The Dockerfile in the repository defines how to build a Docker image for the application. The Dockerfile specifies a base image, which is an image that the Docker image is built on top of. In this case, the base image is a Python image, which comes with Python and pip pre-installed.

Here’s a breakdown of the code in the Dockerfile:

Specify the base image: The base image is specified using the FROM instruction. In this case, the base image is a Python image.

FROM python:3.8-slim-buster

2. Set the working directory: The working directory in the Docker image is set using the WORKDIR instruction. This is the directory that any subsequent instructions will be run in.

WORKDIR /app

3. Copy the application code into the Docker image: The application code is copied into the Docker image using the COPY instruction.

COPY . /app

4. Install the necessary Python packages: The necessary Python packages are installed using pip. The packages are listed in the requirements.txt file.

RUN pip install --no-cache-dir -r requirements.txt

Specify the command to run when the Docker container starts: The command to run when the Docker container starts is specified using the CMD instruction. In this case, the command starts the Flask application.

CMD ["python", "app.py"]

Running the Docker Container

After building the Docker image, you can run the Docker container using the docker run command. This command creates a new container and runs it. The -p option is used to map a network port on the host to a port in the container. In this case, we're mapping port 5000 on the host to port 5000 in the container, which is where our Flask application is running.

Here’s the command to run the Docker container:

docker run -p 5000:5000 fraudtransaction

Replace fraudtransaction with the name of your Docker image. Once the Docker container is running, you can access the Flask application at http://localhost:5000.

Testing the Application

To test the application, you can use the make_prediction.py script to send a POST request to the /predict route. The script should print the prediction made by the model.
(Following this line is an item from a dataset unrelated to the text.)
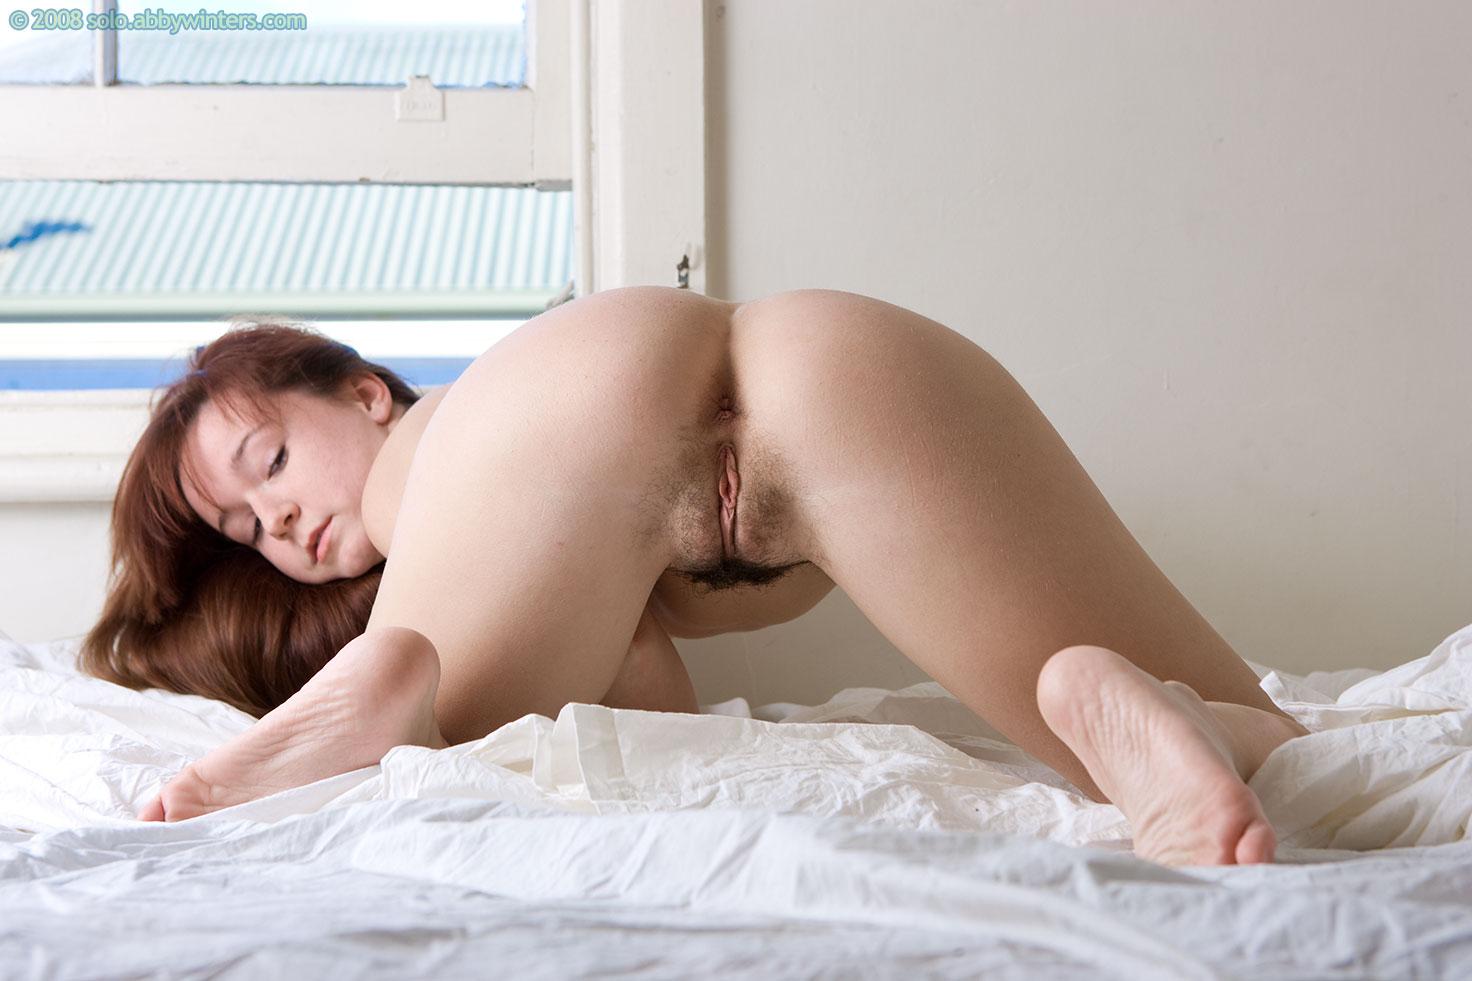 Annabelle lee porn videos

If everything is set up correctly, you should see a prediction printed on the console. This prediction is the result of the logistic regression model classifying the sample input data as either fraudulent or legitimate.

Conclusion

In this guide, we’ve walked you through the process of building a fraud transaction classifier using logistic regression and deploying it using Docker. We’ve covered everything from understanding the dataset and training the model, to making predictions, dockerizing the application, and testing it.
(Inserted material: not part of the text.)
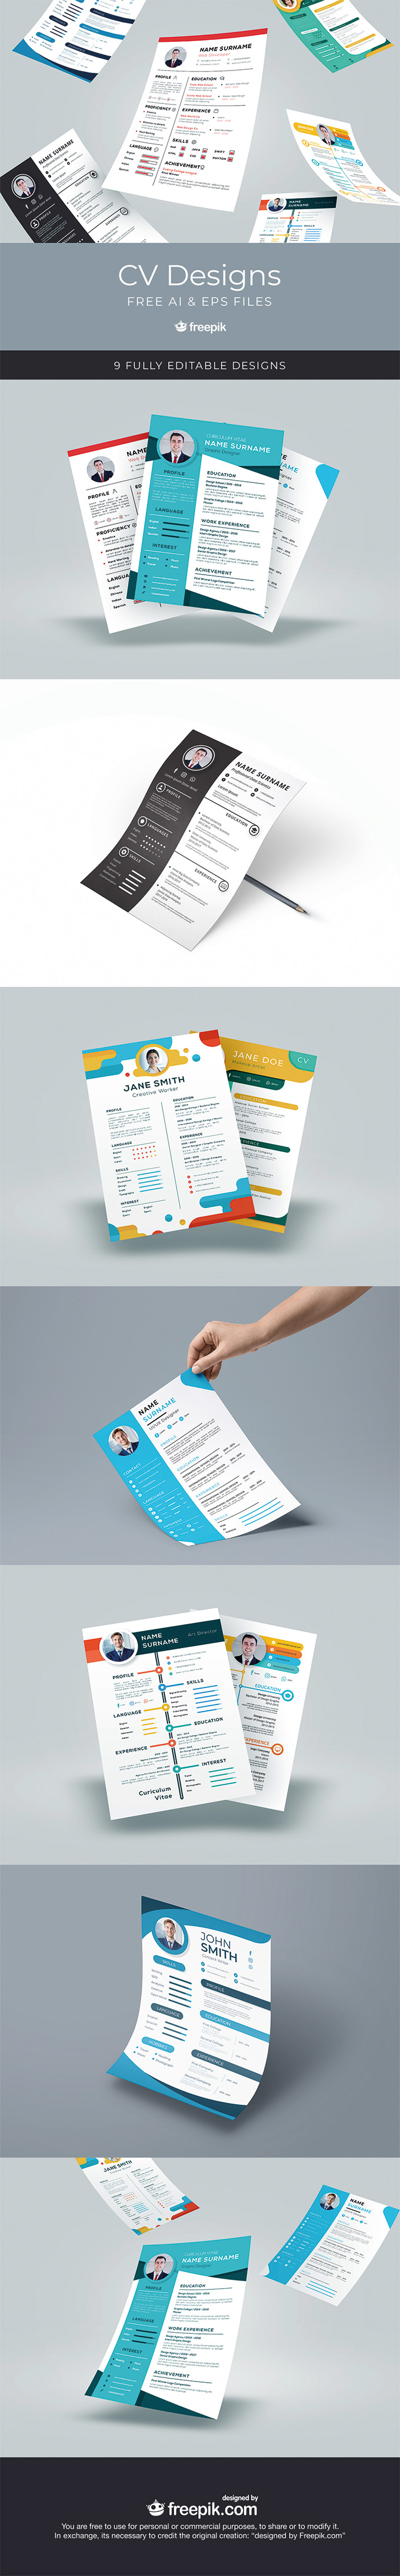 CV Designs Template Set
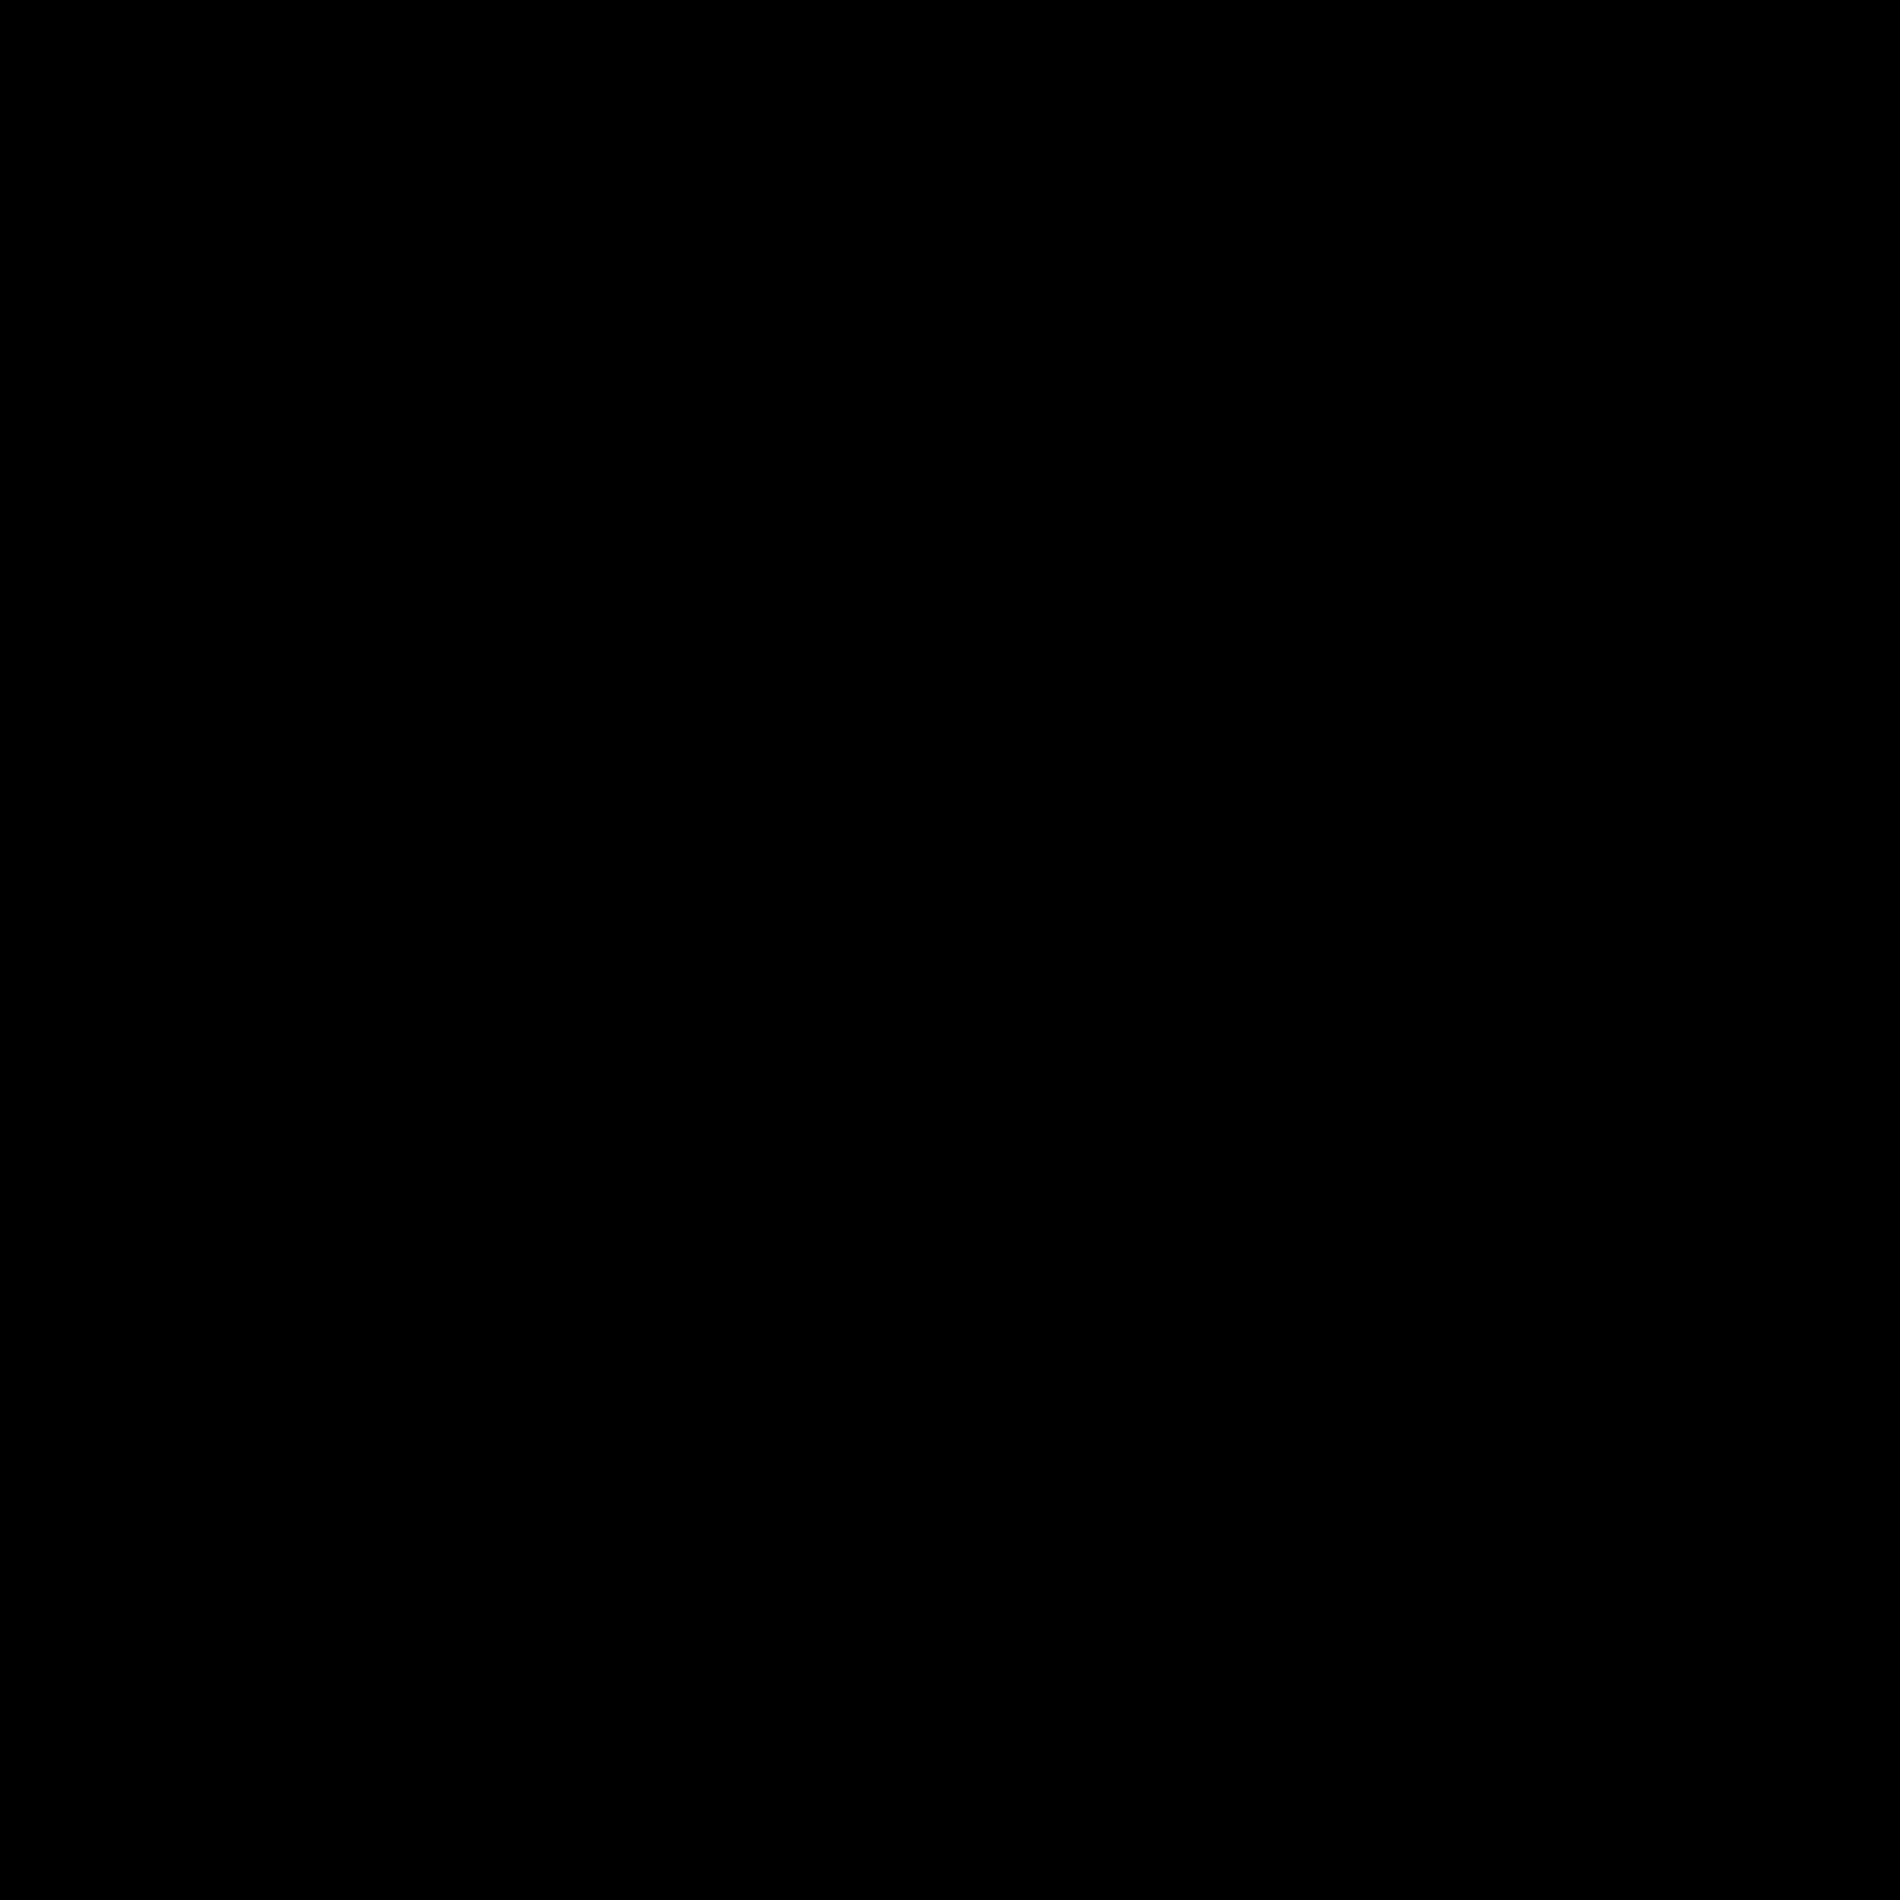 popup background

This process demonstrates the power of machine learning in detecting fraudulent transactions, and the convenience of Docker in deploying machine learning applications. With this knowledge, you should be well-equipped to build and deploy your own machine learning models for a variety of tasks.

Remember, while this guide uses logistic regression for the classification task, the same process can be applied to other machine learning algorithms. Feel free to experiment with different models and see how they perform on the task of fraud detection.